Today is the happier approach Q & A, and I’ve wanted to take one episode a month and turn it into a question and answer type format. I didn’t put out any call out for questions, but I’ve been getting some questions. I thought, okay, I’ll start it with this episode and turn this episode into the Happier Approach Q & A, and then on my website on the podcast page, I will put a link where you can go and ask a question.
The first question I have is, My Monger keeps coming back. What can I do? The easy answer to that is, yep, your monger is going to keep coming back and so you can’t do anything except for keep practicing ASK. That’s a disheartening answer, so I will give you more than just that because the bottom line is, your monger doesn’t go away. This book, The Happier Approach and my methodology are really teaching you a way to quiet the voice of the monger so that your biggest fan’s voice gets louder. It’s simultaneously quieting the monger and bringing in the voice of the biggest fan and making that voice a little louder. Your default isn’t always the monger; it’s sometimes is the biggest fan. That’s the idea behind the happier approach is not to get rid of the monger all together, and that will just send you down a rabbit hole. I have been down that rabbit hole of, oh, my God. I’m practicing ASK. Why isn’t this working? My monger is still here.
I can give you a couple of tips around that in the next question. I just really want you to know you are not going to be able to silence your monger completely. It’s still going to talk there. I have found that when your monger gets loud, it usually means you’re on to something. By on to something, I mean, you’re stretching your boundaries, you’re pulling out of your comfort zone, you’re chasing a big dream, you’re doing something uncomfortable.

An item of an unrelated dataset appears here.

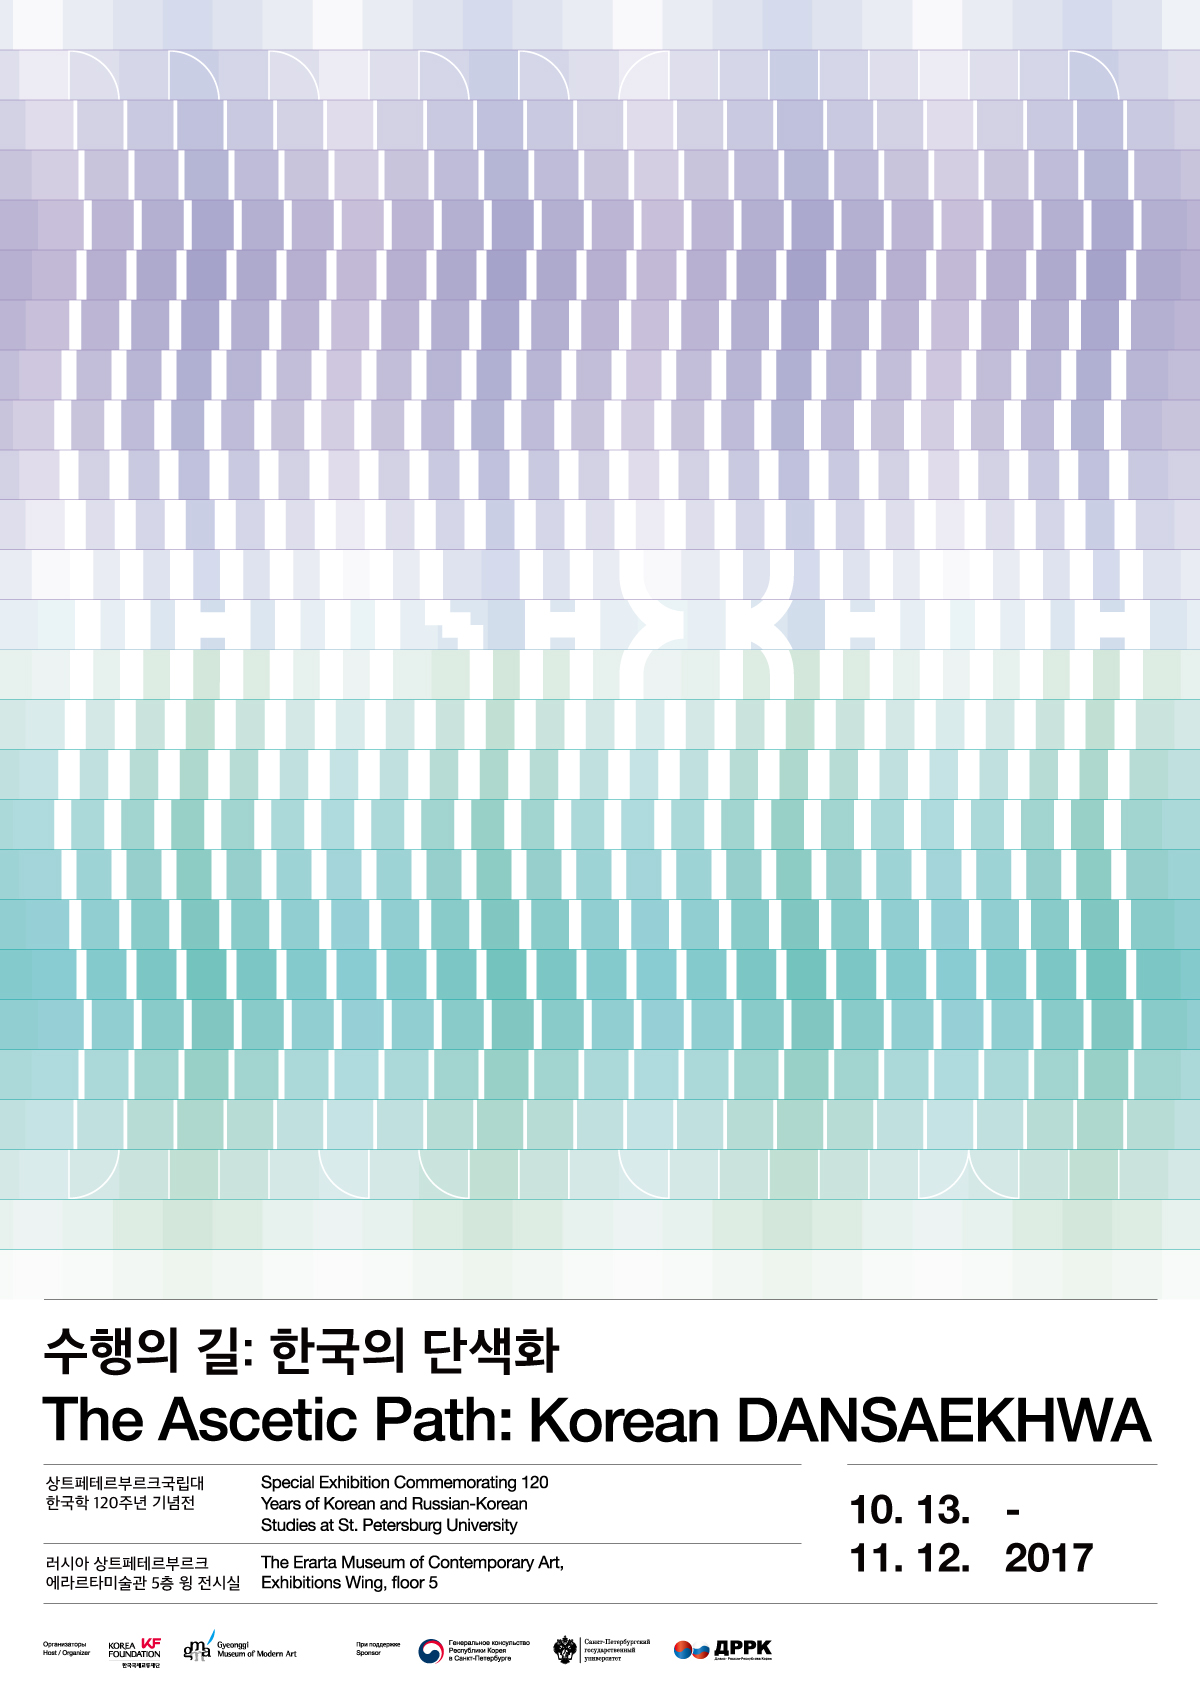 Special Exhibition Commemorating 120 Years of Korean and Russian-Korean Studies at St. Petersburg University 《The Ascetic Path: Korean DANSAEKHWA》

It’s usually something good that you’re doing for yourself or your life, but your monger is freaked out because it wants you to stay small. Your monger wants you to be protected, so the more you do that puts you out there, the more at risk you are, the more your monger is going to shame you. It’s a counterintuitive thought process. I talk about that more next week in next week’s episode that’s coming up on Sunday. The bottom line is, your monger is going to be there, and the idea of the happier approach is to figure out how to slowly over time bringing up the voice of the biggest fan and diminishing more the voice of the monger is the plan. That’s the goal of the work of The Happier Approach.
The next question I have is, how quickly do I move through ASK? If I am sad, do I wait until I’m done feeling sad before I move on to getting into my body? That’s a great question. I just want to refresh what ASK is for a very new listener or haven’t read The Happier Approach. ASK is the acronym I used to quiet the monger and bring in the biggest fan. When you hear your monger talking you’re going to ASK, which simply means acknowledge what you’re feeling, is the A. Slow down and get into your body is the S. And K, kindly pull back to see the big picture.
The question is if I’m sad, do I wait until I’m done feeling sad to move on, to slow down and get into your body? There is not hard and fast rule for how this ASK works. I encourage you to make it your own. My thought process on that is when I acknowledge what I’m feeling, and I can say, “Oh, I’m feeling sad about this.” Then when I allow myself to slow down and get into my body, the emotion tends to come, so whether that’s tears or my stomach gets a little upset, or I just feel more blah overall. When I start feeling that way, then I know I can feel the feeling all the way through. It’s getting into my body, in the S, slow down and get into your body step, really allows me to feel the feeling a little bit more and to make it more real.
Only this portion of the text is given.